1. You Triflin' Skunk!
2. The Will
3. Dark Benediction

Dark Benediction was the only one I liked. I'm generally not a fan of short stories.
  MXMLLN | Jan 12, 2024 |
A truly great collection of short stories from the author of A Canticle for Leibowitz. There was maybe one story i didn`t like and found a bit boring. ( )
  TheCrow2 | Mar 22, 2023 |
It was hard to like this book, overall. A couple of stories were good, but most of the stories were mediocre, imo, and guilty of what so much sci-fi (and really most literature) of the era is guilty of: sexism. Barf.

4 stars
Crucifixus Etiam
(He was crucified also for us)
Mars was being transformed for future settlement by Earthlings.
"He had been on Mars only a month, and it hurt. Each time he swung the heavy pick into the red - Brown sod, his face winced with pain. The plastic aerator valves, surgically stitched in his chest, pulled and twisted and seem to tear with each lurch of his body.
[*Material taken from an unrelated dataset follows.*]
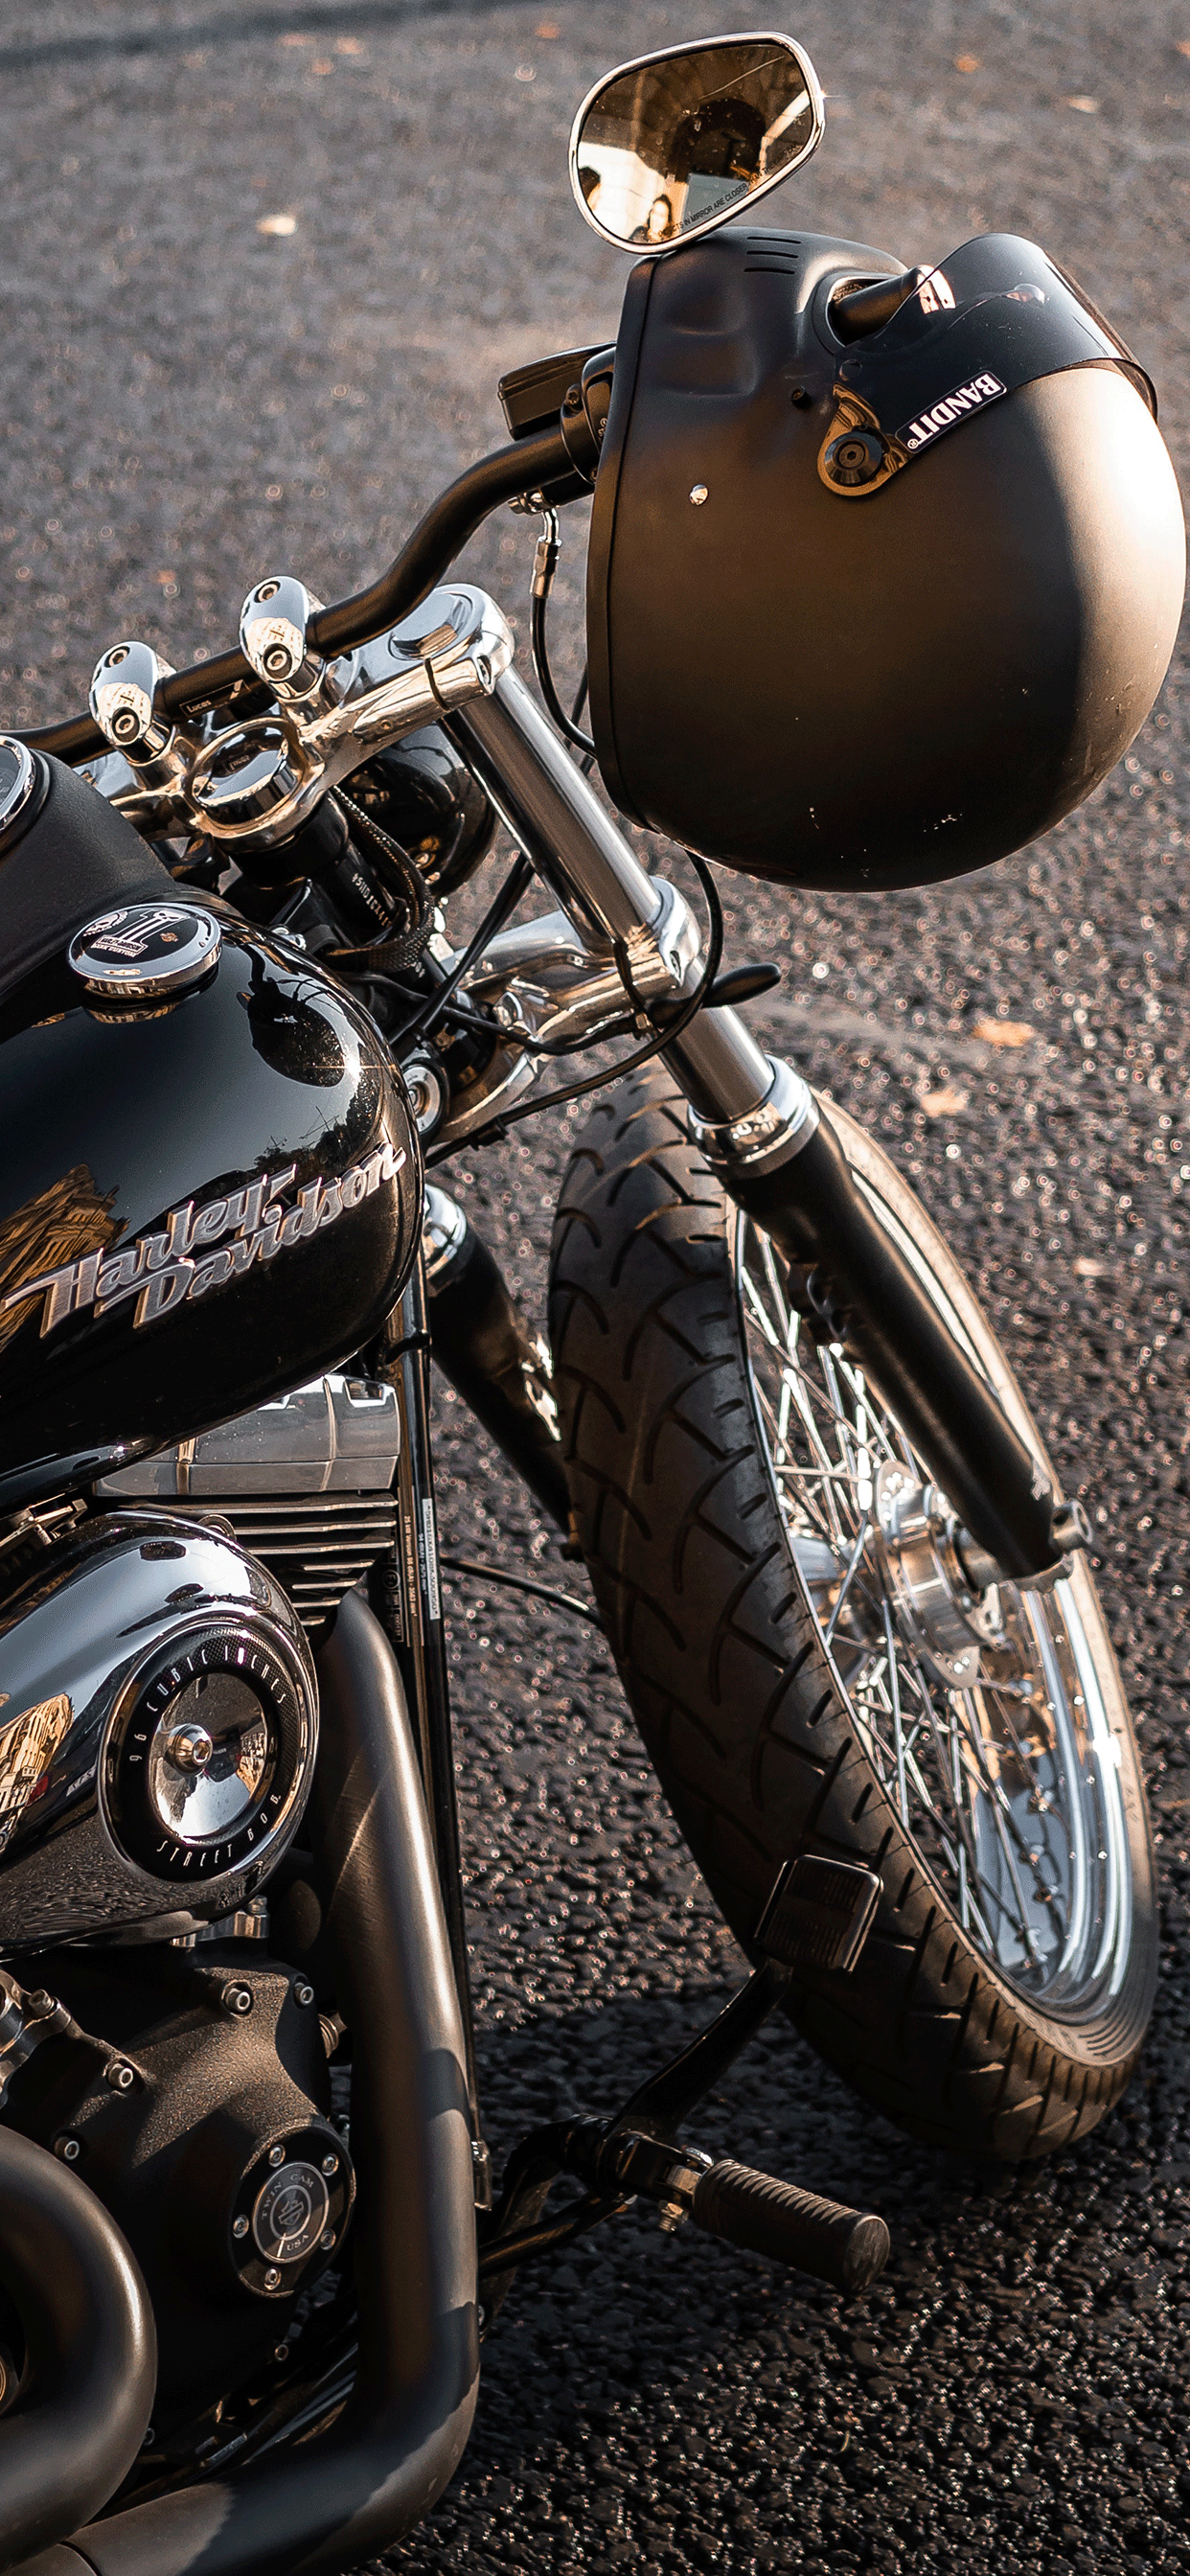 Harley Davidson iPhone Wallpaper Ipcwallpaper Motorcycle
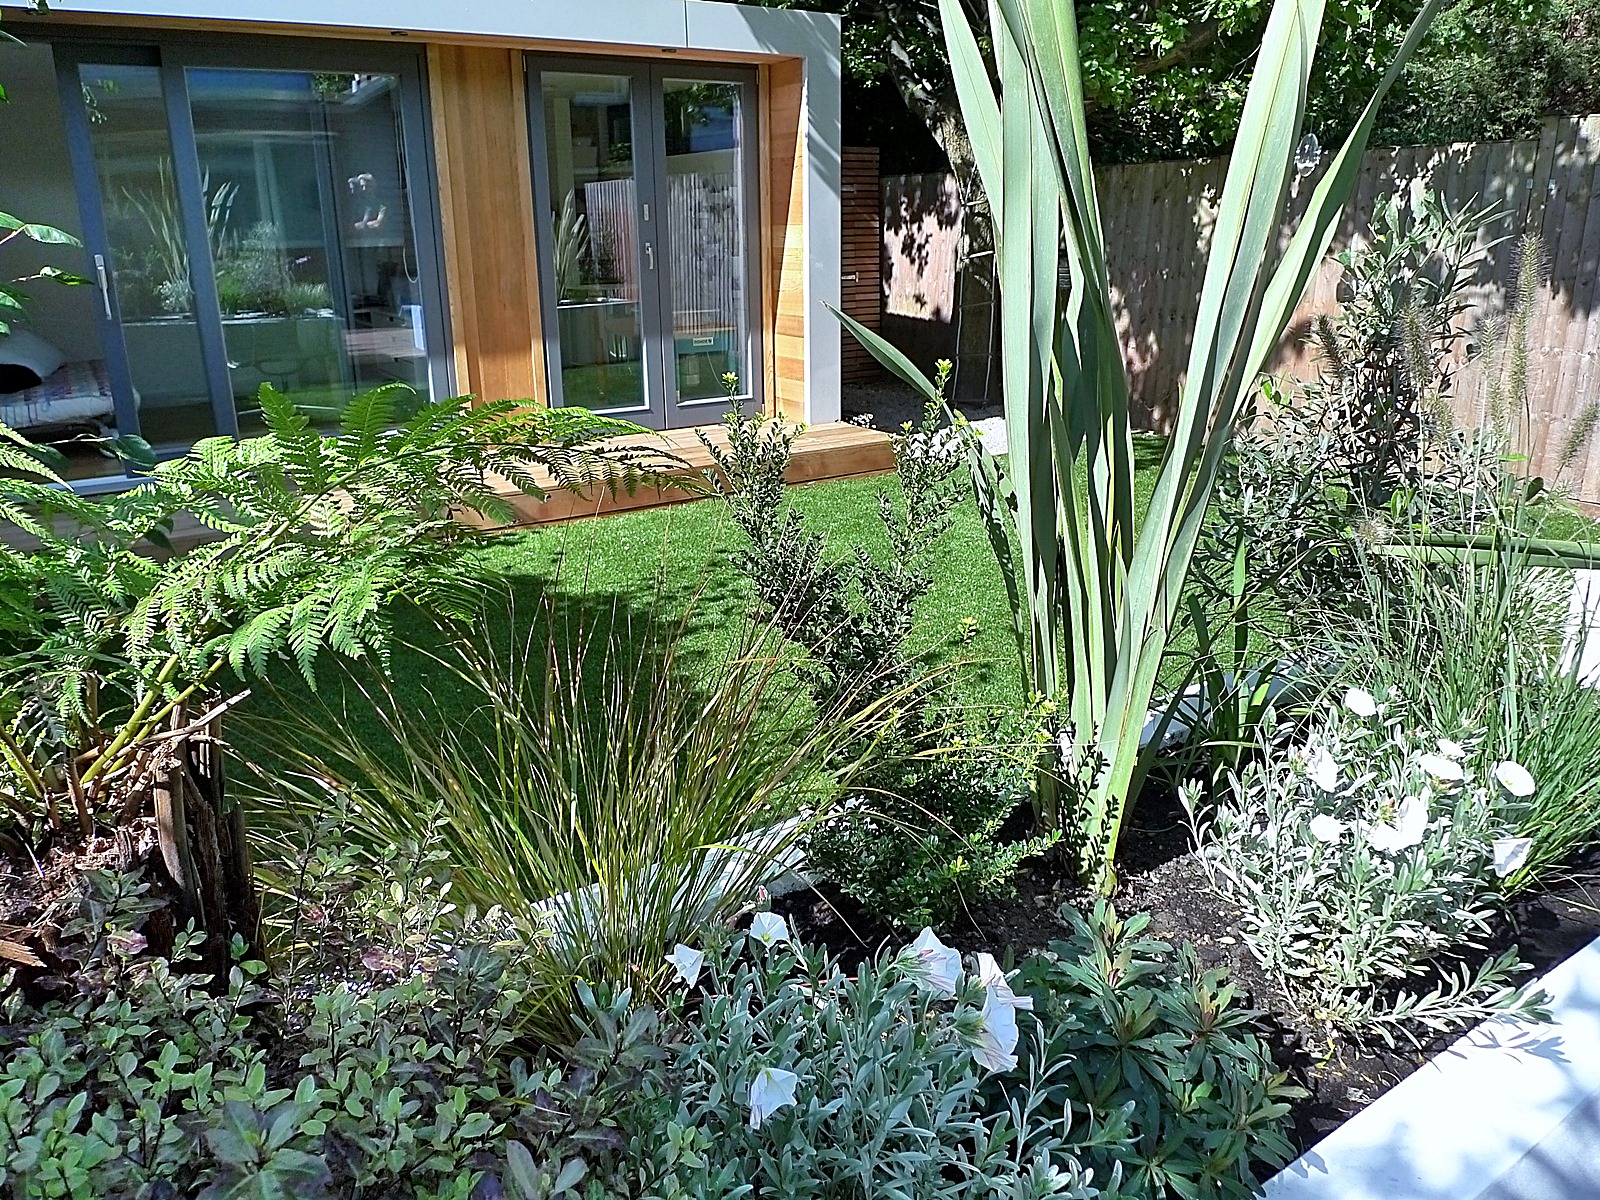 clapham and balham modern garden design decking planting artificial lawn grass hardwood privacy screen indoor outdoor space (12)

The mechanical oxygenator served as a lung, sucking blood through an artificially grafted network of veins and plastic tubing, frothing it with air from a chemical generator, and returning it to his circulatory system. Breathing was unnecessary, except to provide wind for talking, but Manue breathed in desperate gulps of the 4.0 psi Martian air; for he had seen the wasted, atrophied chests of the men who had served four or five years, and he knew that on return to earth - if ever - they would still need the auxiliary oxygenator equipment."

4 stars
I Dreamer
You know how they take baby cows away from mama cows so Humans can drink their milk? In this story, human babies are taken away from their mamas to become weaponized spaceships.

5 stars
Conditionally Human
"Anthropos' mutant pets fulfilled a basic biological need of man--of all life, for that matter. The need to have young, or a reasonable facsimile, and care for them. Neutroids kept humanity satisfied with the restricted birth rate, and if it were not satisfied, it would breed itself into famine, epidemic, and possible Extinction. With the population Held constant at 5 billion, the federation could ensure a decent living standard for everyone. And as long as birth must be restricted, why not restrict it logically and limit it to genetic desirables?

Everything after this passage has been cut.